谢从高
第1811期
摘要:20世纪30年代初,日本、欧美等地被难华侨陆续回国,南京国民政府成立专门的救济失业华侨委员会,决定对归国失业华侨实行根本救济,选定安徽宣城水阳镇一带试办侨乐村:由政府提供荒地让归侨集中垦殖,并制定《侨乐村垦殖纲要》等文件。开办侨乐村、安排被难归国华侨,不仅是救济失业归侨、解决他们生活问题的一种试验性的根本办法,而且被赋予在世界工商业形势不景气背景之下复兴中国农村的任务。侨乐村设计者陈树人希望宣城乐村试成功后能作为一种模式在全国推广。由于国民政府一直采取重心向外的华侨政策,对于归国华侨的安置缺乏准备,也没有切合实际的系统举措等原因,侨乐村的建设并不成功。在国民政府迁都重庆后又酝酿成立归侨新村,建设地点变为城市近郊。侨乐村的试办是南京国民政府华侨政策的一次重要尝试,在华侨政策史上有一定影响。
关键词:南京国民政府;华侨;安徽;侨乐村;陈树人
一、侨乐村建立的背景
近代以来,大量中国华侨旅居海外,对居留国经济及社会发展做出了一定贡献。到 1920 年代末,由于大规模的世界性经济危机,欧美等国经济衰退,于是纷纷调整华侨政策,许多国家的华工受到种种虐待,甚至被排挤、驱逐回国。这些被逐归国的华侨被称为“被难华侨”。1931年5月16日,国民会议提案审查委员会继续开会。代表郑螺生等提出“救济被难华侨案”,同时提出的还有“请国府与各国交涉取消虐待华侨诸苛例案”“华侨回国应予切实保护否则将负责长官严予惩办案”。这三份提案都属于“作为建议案不必提出会议者”,而此前 5 月 14 日的会议上代表提出“急速向各国政府交涉取消待遇华侨苛例案",则“原则通过,交国民政府。

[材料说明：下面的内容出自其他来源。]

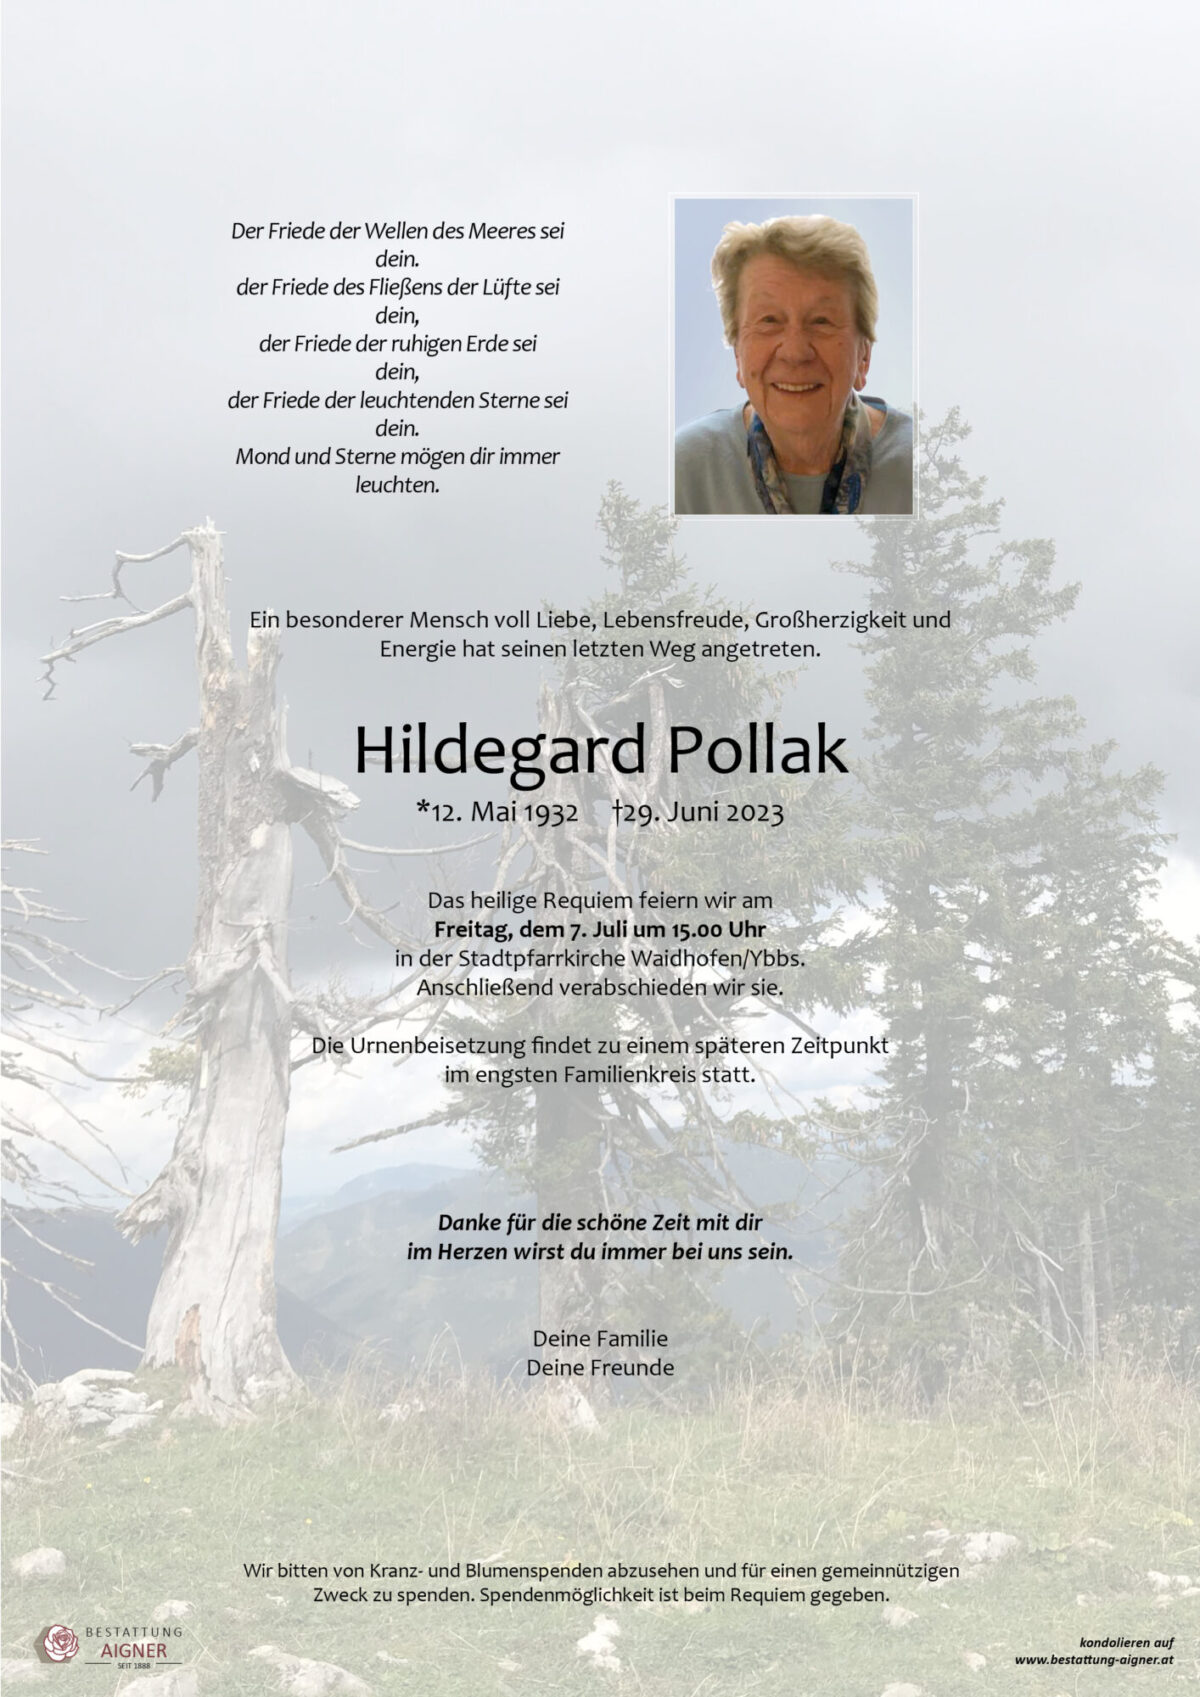 Hildegard Pollak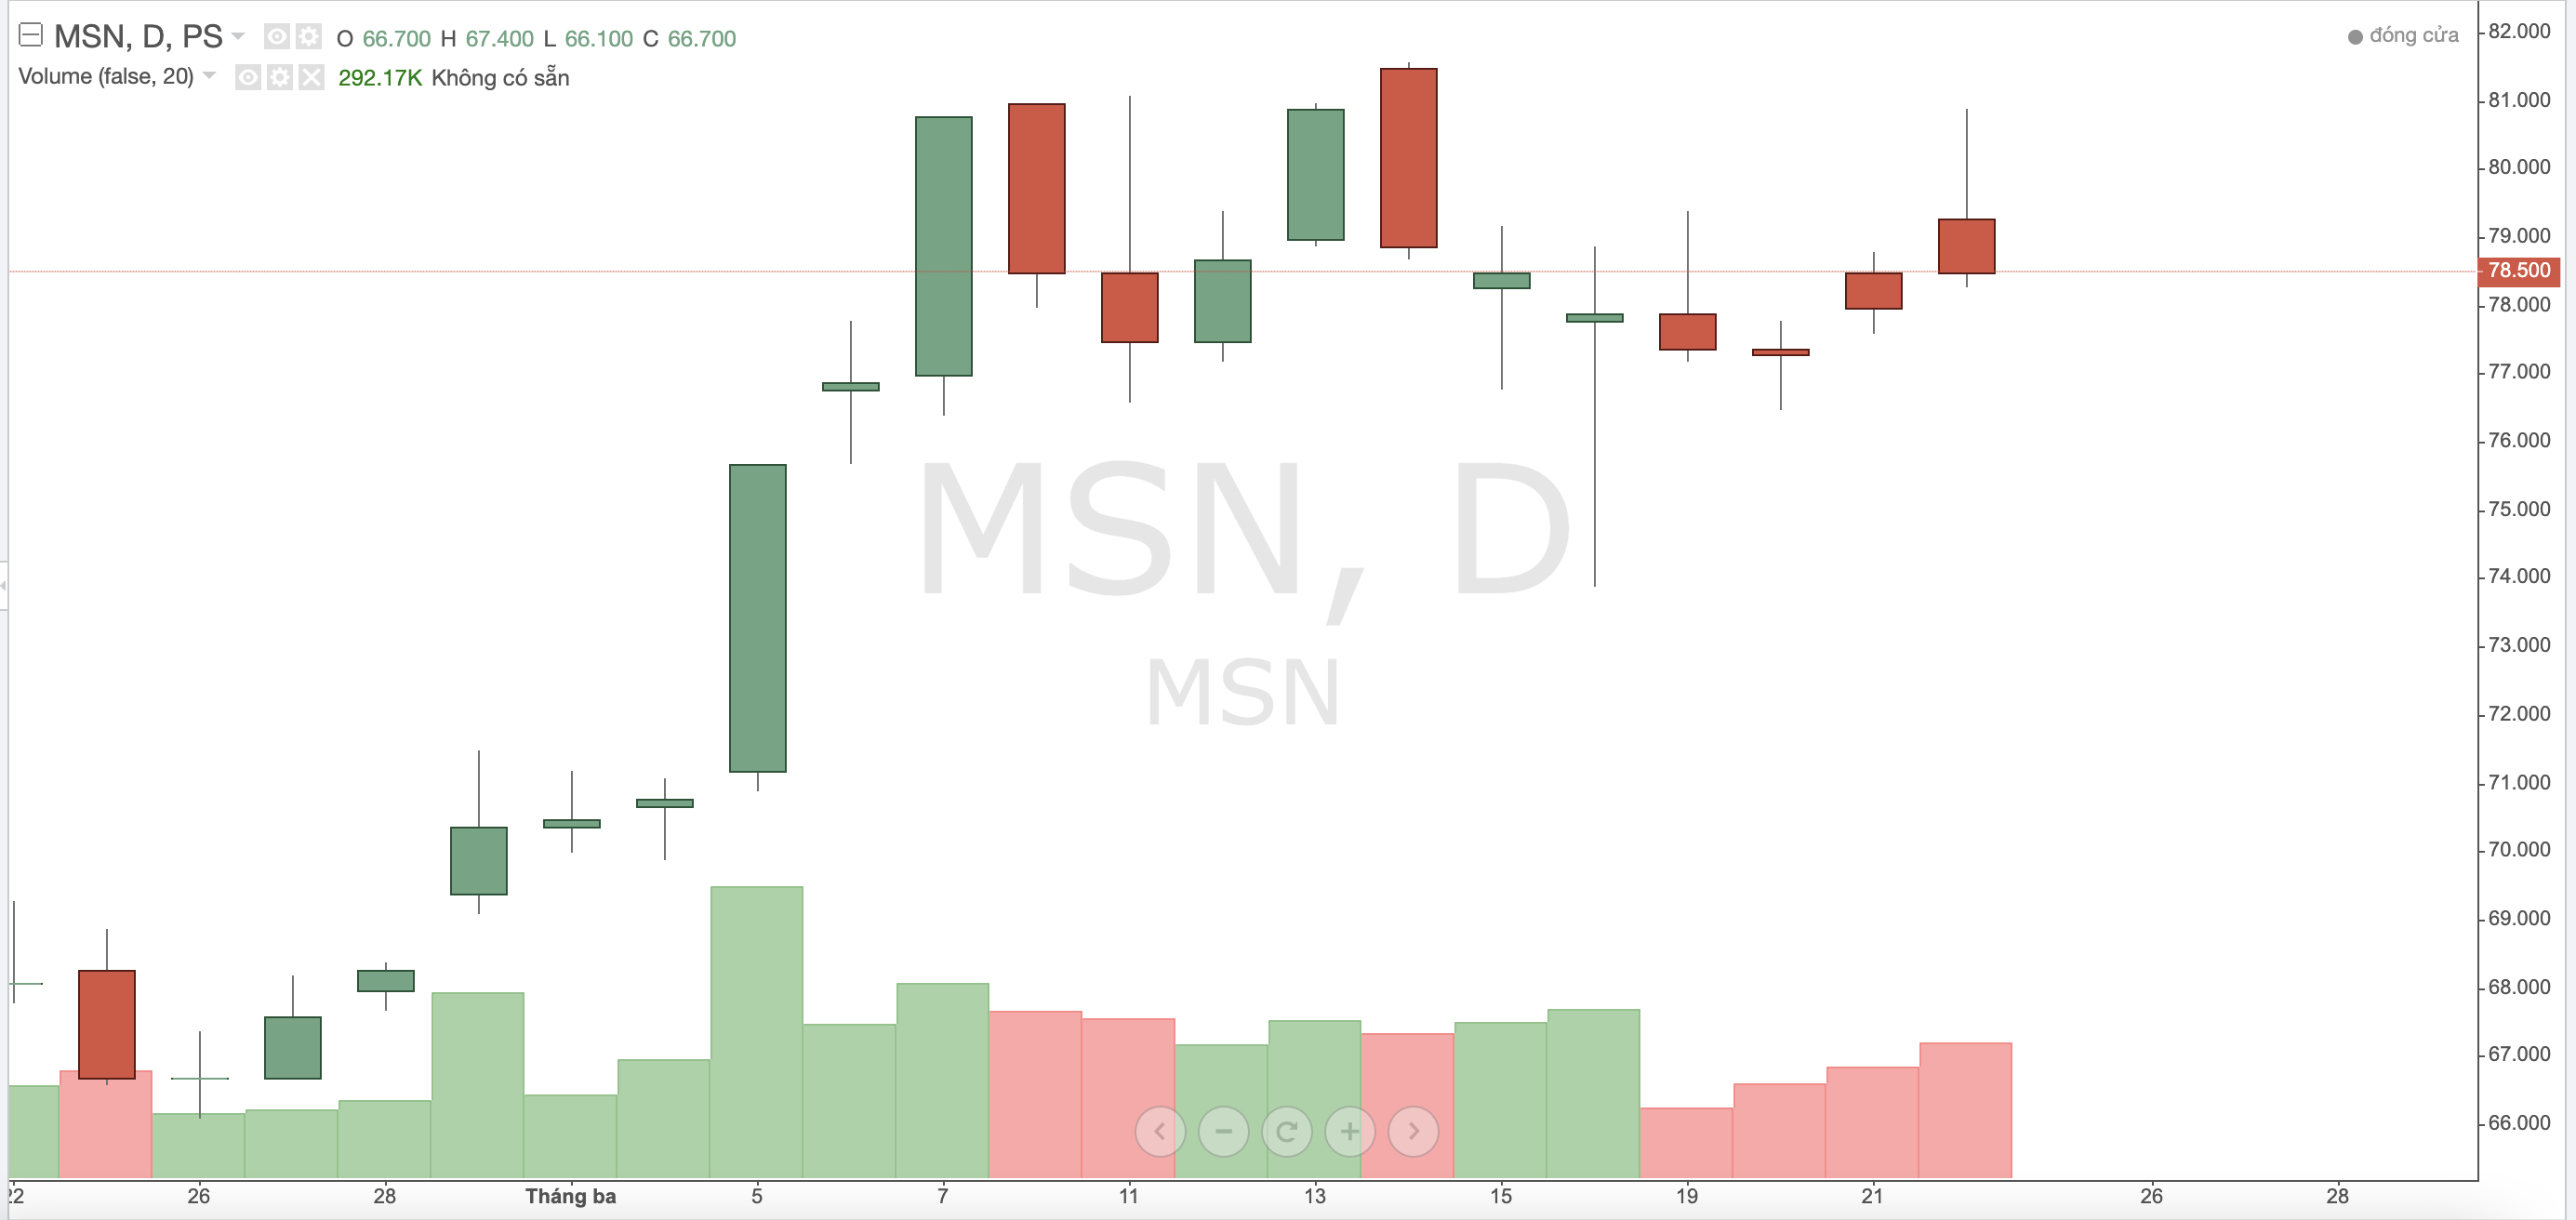 Quỹ Chính phủ Singapore rời ghế cổ đông lớn tại Tập đoàn Masan sau khi bán ra gần 550.000 cổ phiếu MSN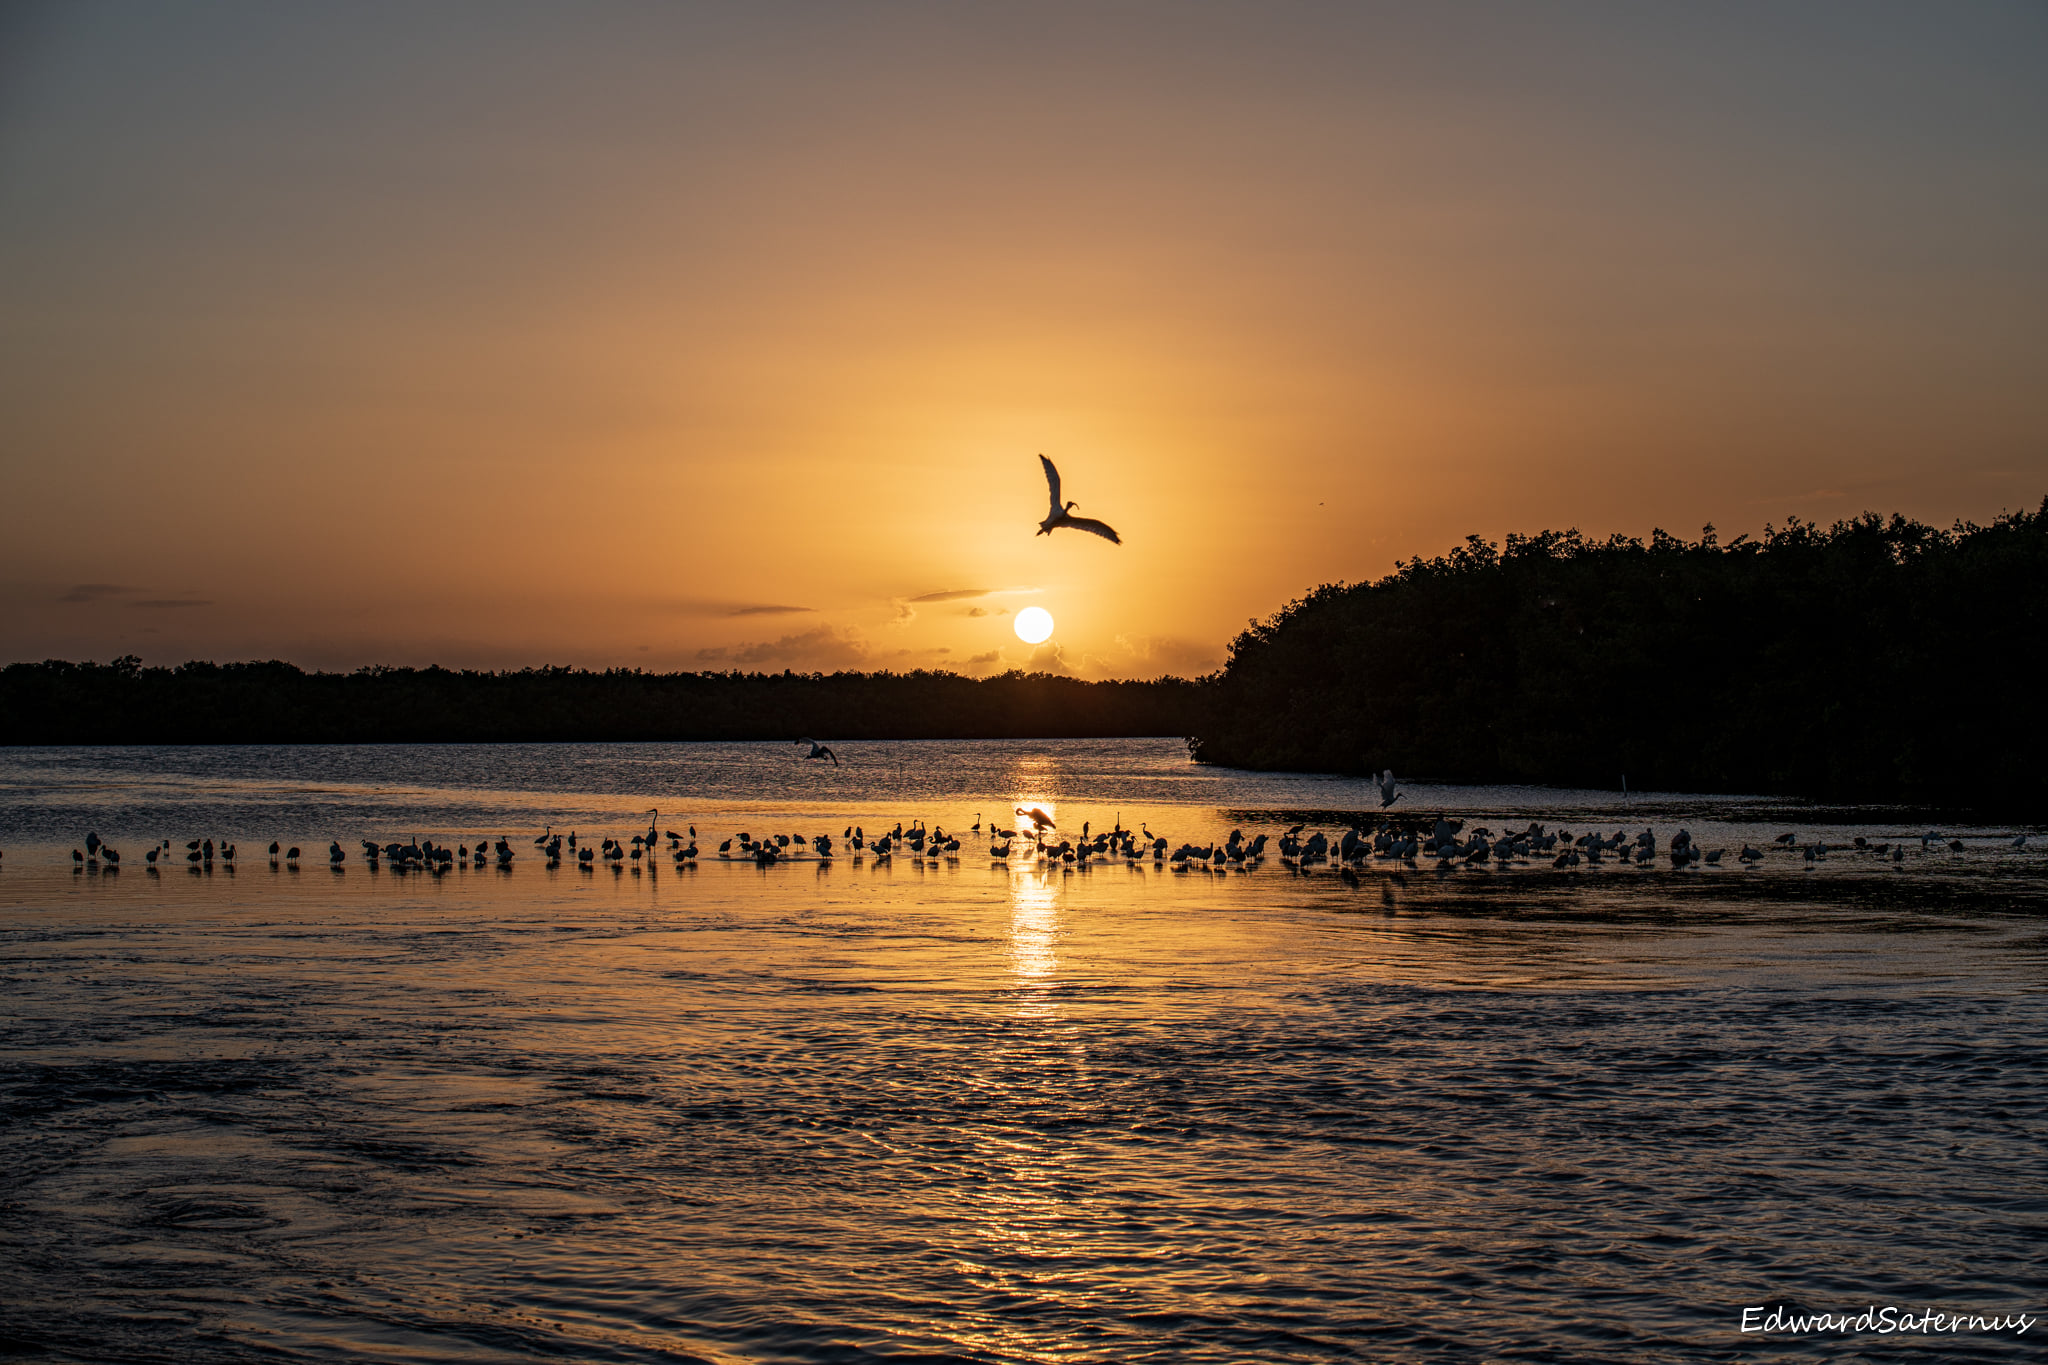 Sunset at J.N. “Ding” Darling National Wildlife Refuge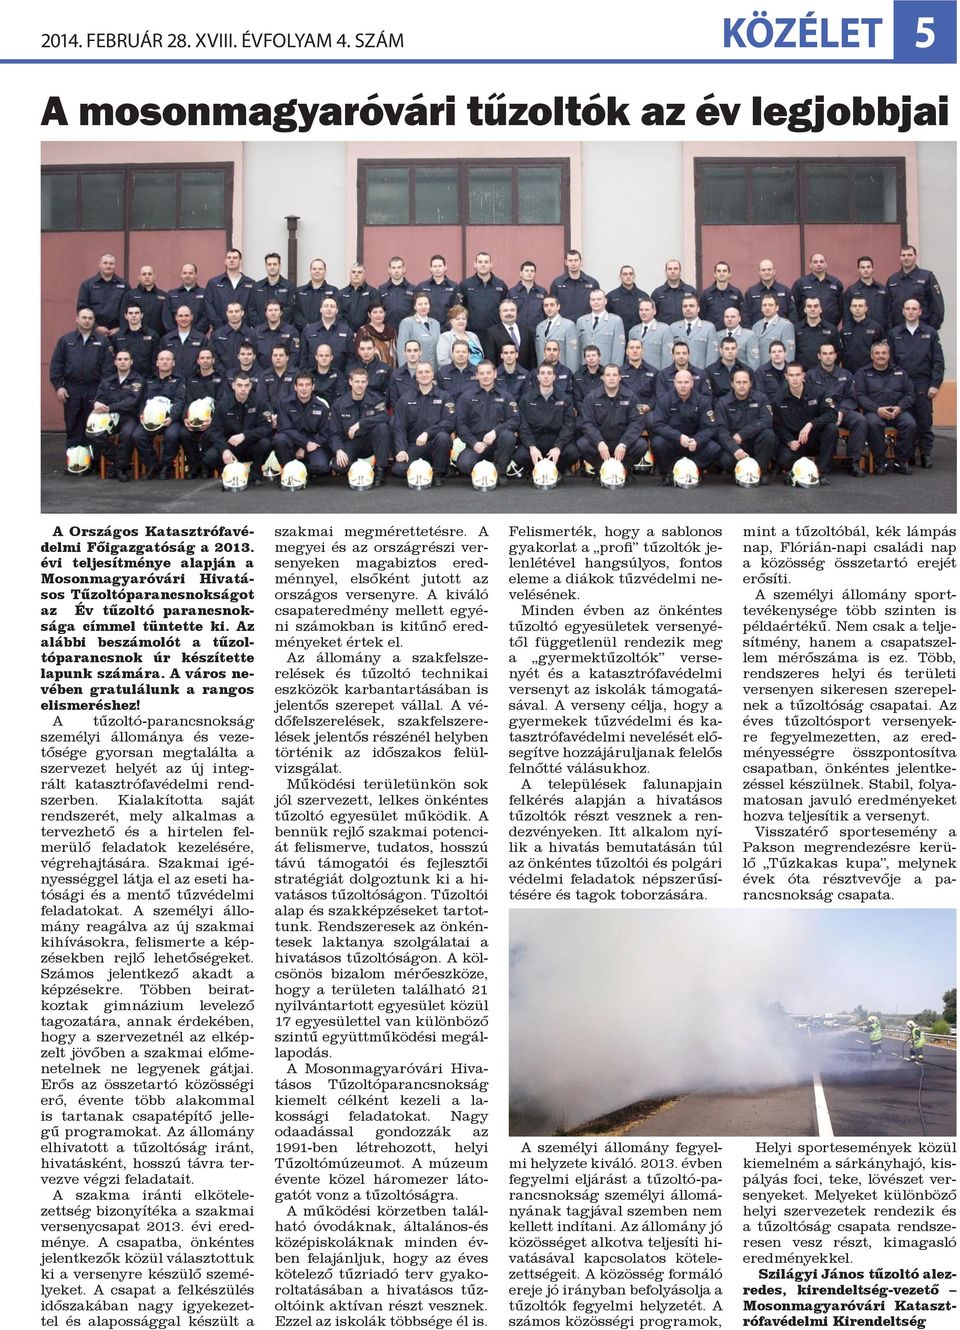 A város nevében gratulálunk a rangos elismeréshez! A tűzoltó-parancsnokság személyi állománya és vezetősége gyorsan megtalálta a szervezet helyét az új integrált katasztrófavédelmi rendszerben.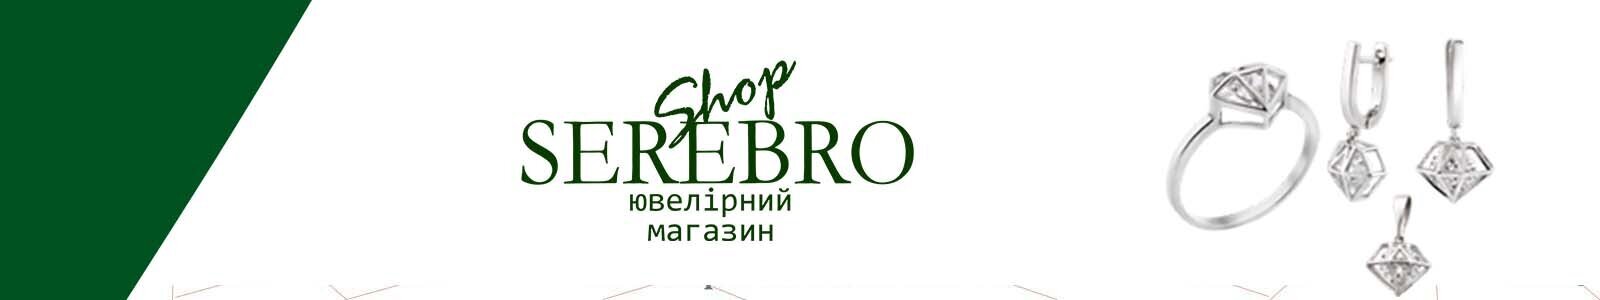 Serebro-shop

关于华侨问题的密集提案引起了国民政府的重视,相关提案被批交给行政院,然后转饬外交部会同中央侨务委员会妥议办法。不久中央侨务委员会改隶行政院,称侨务委员会。1932年,侨委会拟具“救济失业华侨方案", 呈报行政院,由行政院召集外交、内政、财政、实业、交通、教育、铁道及侨委会共八个部委机关,共同审查该方案。
1933 年12 月25日,侨委会召集有关各部组成专门的“救济失业华侨委员会”,设委员长一人,委员六人,处长三人,外交、财政、实业、交通、铁道等部各派一人为委员,侨委会委员长即为救委会委员长,陈树人为第一任救委会委员长,由政府每月提供经费2800元。对于如何救济华侨,当时主要有两种主张:临时救济和根本救济。所谓临时救济,主要通过各地侨务局发放救济费、对侨胞进行劝慰、帮助返回原籍投靠亲友,使失业侨胞在国内暂时得到居住之所。而根本救济则是鼓励归国侨胞从事国内生产、自食其力,重新融入当地社会。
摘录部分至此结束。